Теперь её дом был при ней. Не дом — так, флигелёк. Не изба — времянка. Но хоть что-то. Хоть какая-то крыша над головой.
Руки перестали дрожать. Они были заняты делом. Под ногтями чернела глина, и запах сырой земли был вкуснее любого ладана, который она когда-либо нюхала в красном углу. Ищейка за спиной скулила и не могла пробиться. Глина была границей. Глина держала тепло и не пускала холод. Это была старая, как мир, магия — магия, которая не требует заклинаний, не требует посвящения и одобрения Старейшин. Она требует только одного: не лениться месить раствор.
Домна выпрямилась. Вернее, попыталась. Выпрямиться полностью не получилось — спина затекла так, будто на ней всю ночь спала корова, плечи свело, шея не поворачивалась. Стояла, сгорбившись, как старуха, и тяжело дышала. Пар вырывался изо рта рваными клочьями — как дым из печки, которую топят сырыми дровами.
— А ты, Ищейка, — сказала она, поправляя тяжёлый горшок на бедре и чувствуя, как он оттягивает поясницу, — если хочешь, иди рядом. Только не вой. От твоего воя голова раскалывается, а в черепе у меня и так только ветер гуляет. Если я сейчас рухну от мигрени, кому ты будешь нашёптывать? Сугробу? Сугроб, знаешь ли, не ответит. Он вообще неразговорчивый. Я уже пробовала.
Ищейка замолчала. Шла следом, прижавшись к земле, как побитая собака. Её запахи больше не били в нос — они стелились под ногами, пытаясь подсунуть, чтобы споткнуться. Подлый приём, старый, как мир. Домна знала его наизусть: если не можешь победить в честном бою — устрой мелкую пакость. Подставь ножку. Рассыпь соль. Нагадь в тапок. Ищейка была гениальна в таких вещах. Она могла бы написать целый трактат о мелких пакостях и защитить его перед Старейшинами — «О подлости подпороговой: искусство незаметного вредительства в условиях дефицита магии». Домна фыркнула, представив это зрелище. Фырчок вышел жалким, но это был фырчок.

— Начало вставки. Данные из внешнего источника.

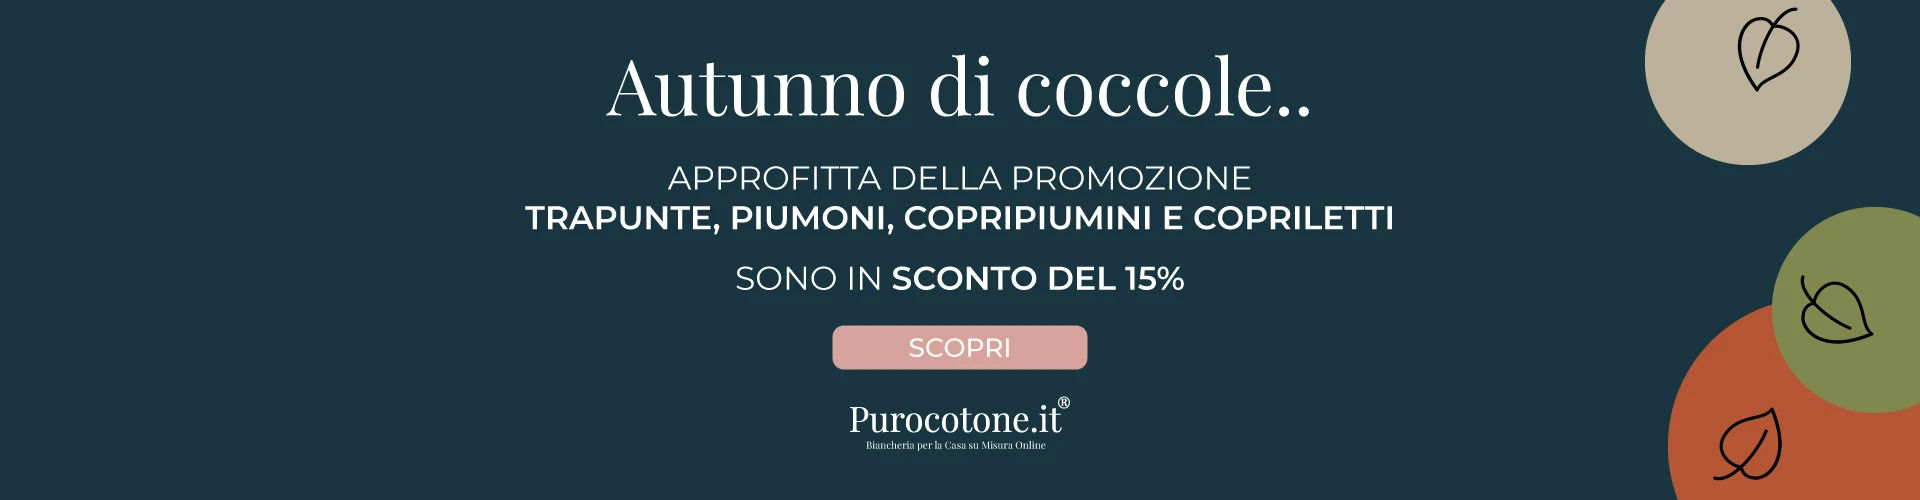 Promozione 15% | Purocotone.it

Сумерки в лесу не опускались с неба, как это бывает в нормальных местах — там, где есть горизонт, и солнце, и закат, окрашивающий облака в розовый. Здесь сумерки проступали из-под корней, как сырость в плохо проветриваемом подполе. Сначала просто темнело под лапами елей. Потом темнота начала подниматься, как тесто в квашне, — медленно, неумолимо, заполняя всё пространство между стволами, заливая тропинки, поглощая очертания деревьев. Холод к вечеру сменил тактику. Если днём он колол — остро, точечно, как заноза под ногтем, — то теперь стал ватным, удушливым, липким. Он лез в каждую щель. А щелей в Домне хватало.
Смола, державшая суставы, начинала дубеть на морозе. Каждый шаг отдавался в бёдрах глухим, костяным стуком, будто кто-то стучал кочергой по остывающему чугуну. Тук… тук… тук… «Это я, — думала Домна. — Это я стучу. Это мой ход. Если перестану стучать — вот тогда и приходите. Тогда и накрывайте меня снегом, как периной. А пока я стучу — я иду».

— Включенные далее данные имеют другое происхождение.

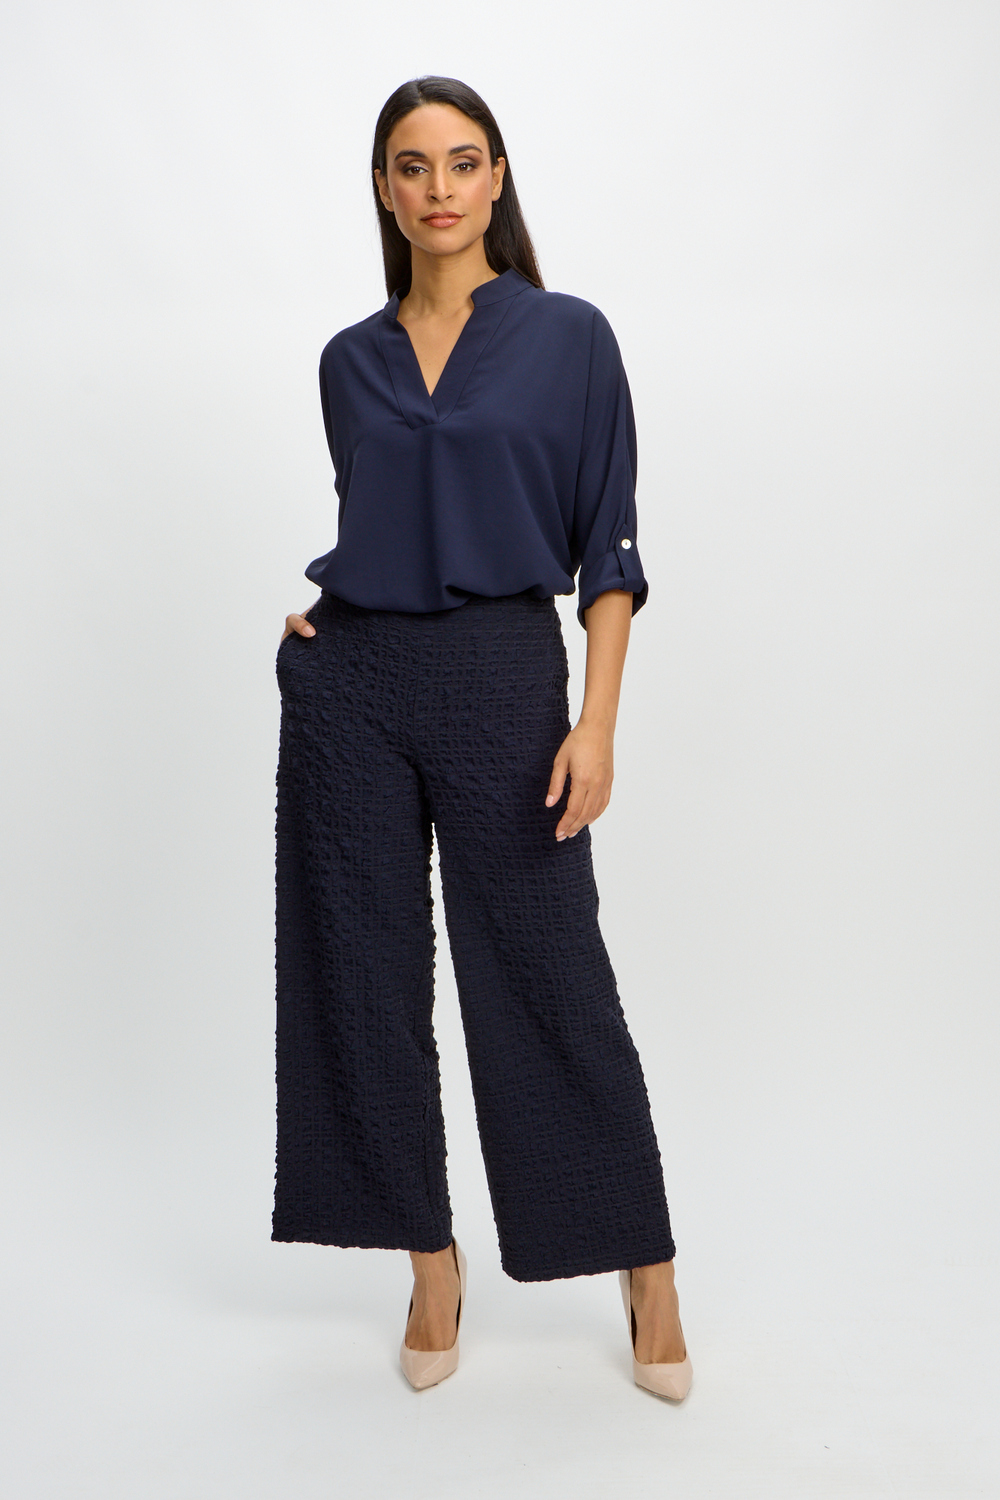 Pantalon large, carreaux texturés modèle 241187. Bleu Nuit

Ищейка замолчала окончательно. Это было страшнее воя. Страшнее шёпота. Когда Навь молчит, это значит, что она перестала тратить силы на лобовую атаку и пошла искать обходной путь. Как сквозняк, который не ломится в дверь, а находит микроскопическую щёлочку под подоконником и тихо, незаметно, капля за каплей, выстужает комнату. Сквозняк терпелив. Сквозняк никуда не спешит.
Запах ударил не с ветром. Ветра не было — был мёртвый, ватный штиль, какой бывает только в густом лесу перед снегопадом. Запах проступил из-под снега, словно кто-то под половицей открыл банку с вареньем, которое берегли для особого случая — для свадьбы, для рождения первенца, для встречи дорогого гостя.
Пахло не гарью. Гарью пахло вчера, у пепелища. Здесь пахло ржаной закваской — той, что Хозяйка ставила по четвергам в большой глиняной миске, укрывая её чистым полотенцем. Пахло влажным берёзовым веником, который только что вынули из запарника. Пахло тяжёлым, мускусным потом Игната — тем самым потом, который бывает у мужчины, проработавшего топором от рассвета до полудня, и который, если честно, пахнет не розами, а здоровым, крепким, живым зверем. Пахло топленым молоком с пенкой, сморщенной, как старушечья кожа на локте. Пахло сухим укропом, связанным в пучки под потолком — Хозяйка всегда вязала укроп на Петров день и вешала сушиться, чтобы зимой добавлять в щи.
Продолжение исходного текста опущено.